# First birds for the older dog



## DNL2448 (Feb 13, 2009)

IndyBindy said:


> *I am NOT a field/hunt person*...


*YET!*


If you can, find a retriever club in your area and ask if you can join in a training day. Offer to help throw birds for them. They should have birds and people to help you start you dog.


----------



## DNL2448 (Feb 13, 2009)

Here's a thread that started just like yours...

http://www.goldenretrieverforum.com...62-training-my-3-year-old-retrieve-ducks.html


----------



## IndyBindy (Nov 4, 2011)

DNL2448 said:


> *YET!*
> 
> 
> If you can, find a retriever club in your area and ask if you can join in a training day. Offer to help throw birds for them. They should have birds and people to help you start you dog.


HAHA! I fear this is true...I'm going to get hooked! I love dog sports and hunt tests/field work are just awesome to watch. Love that it is such a natural thing for the dog!


----------



## Radarsdad (Apr 18, 2011)

Might catch some flak for this if you do not intend to continue in field I would not give the dog birds. If agility and obedience is your primary focus stay with it. Once you introduce that dog to birds you will spark an inner desire for more. I think the rest will suffer. They were bred for field and once you introduce it they will be looking for more. That is what they were bred for and what they thrive on. As far as introducing them to birds take him to a local training club where they have birds. They will help you introduce your dog to birds.
You are officially forewarned about starting field training.


----------



## IndyBindy (Nov 4, 2011)

Radarsdad said:


> Might catch some flak for this if you do not intend to continue in field I would not give the dog birds. If agility and obedience is your primary focus stay with it. Once you introduce that dog to birds you will spark an inner desire for more. I think the rest will suffer. They were bred for field and once you introduce it they will be looking for more. That is what they were bred for and what they thrive on. As far as introducing them to birds take him to a local training club where they have birds. They will help you introduce your dog to birds.
> You are officially forewarned about starting field training.


I appreciate your opinions, which was why I was asking before I do anything with my dog. My focus is and will be obedience...agility is something we do for fun b/c we both enjoy it. 

Now let me ask you this...can a dog not do all of these sports? My dog can tell the difference between our sports and he behaves accordingly. Can he not do this for field?

Again, really appreciate all the opinions!


----------



## DNL2448 (Feb 13, 2009)

Of course he can do all three. Look at Tito, Fisher, Mira, Faelan, Towhee, etc., etc. He could do more, it all depends on how much effort you want to put into it. I'm sure your guy just wants to be with you, and has a blast in whatever you are doing.


----------



## Radarsdad (Apr 18, 2011)

IndyBindy said:


> I appreciate your opinions, which was why I was asking before I do anything with my dog. My focus is and will be obedience...agility is something we do for fun b/c we both enjoy it.
> 
> Now let me ask you this...can a dog not do all of these sports? My dog can tell the difference between our sports and he behaves accordingly. Can he not do this for field?
> 
> Again, really appreciate all the opinions!
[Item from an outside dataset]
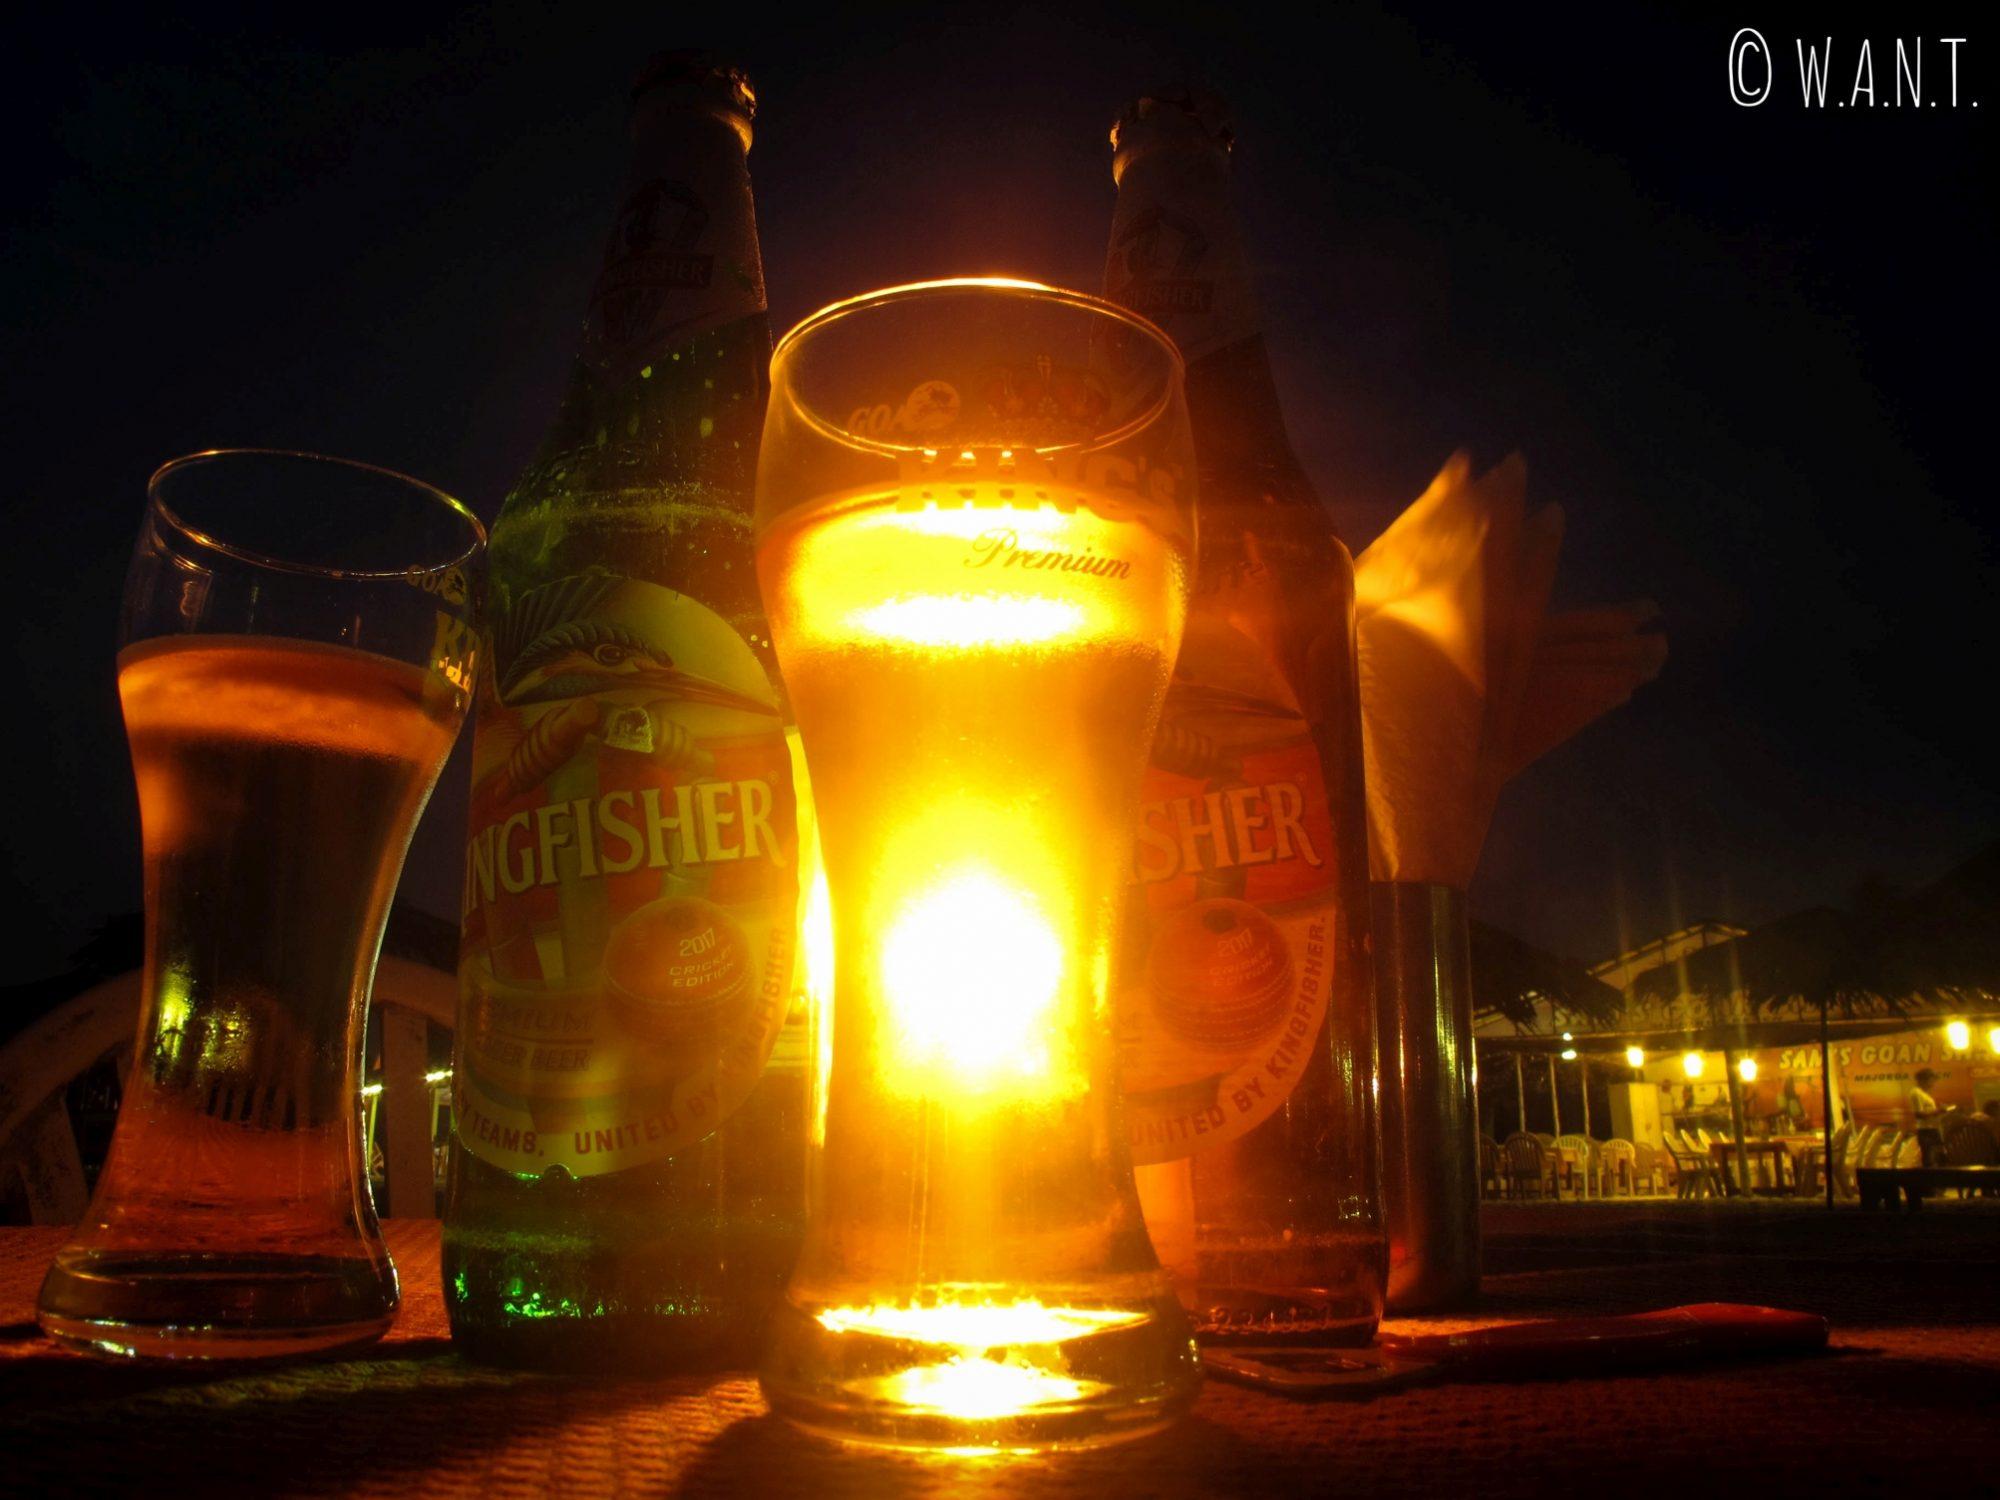 Premières bières de notre voyage !

Yep, sure can, but you are in the drivers seat. Depends on how much time and effort you are willing to devote to the dog. They will learn what you teach them. Once you introduce that dog to field training you will find a whole different personality and in my opinion how to truly understand and train your dog and how to become a team. If you can run your dog on a 300 yard water blind then you are probably in sync. Not only that, but your pup wants to do it again!


----------



## Cowtown (Sep 23, 2009)

IndyBindy said:


> My dog just turned three. He is a rescue that I now compete with in agility and obedience. This boy loves to work and it is becoming obvious that he lives to retrieve.
> 
> He has been fetching bumpers and dummies for the last couple years. I am NOT a field/hunt person...I just simply have no experience. He drives hard for bumpers, marks singles very well and delivers to hand. His obedience work is helping us quite a bit.
> 
> ...


To answer your question, clipped wing pigeons are a great first introduction. The alive factor versus dead will get his blood flowing and pump him up. Now don't fret if he won't pick the bird up as many dogs refuse a live/cripple bird at first. You may need to take the next step in training at that point.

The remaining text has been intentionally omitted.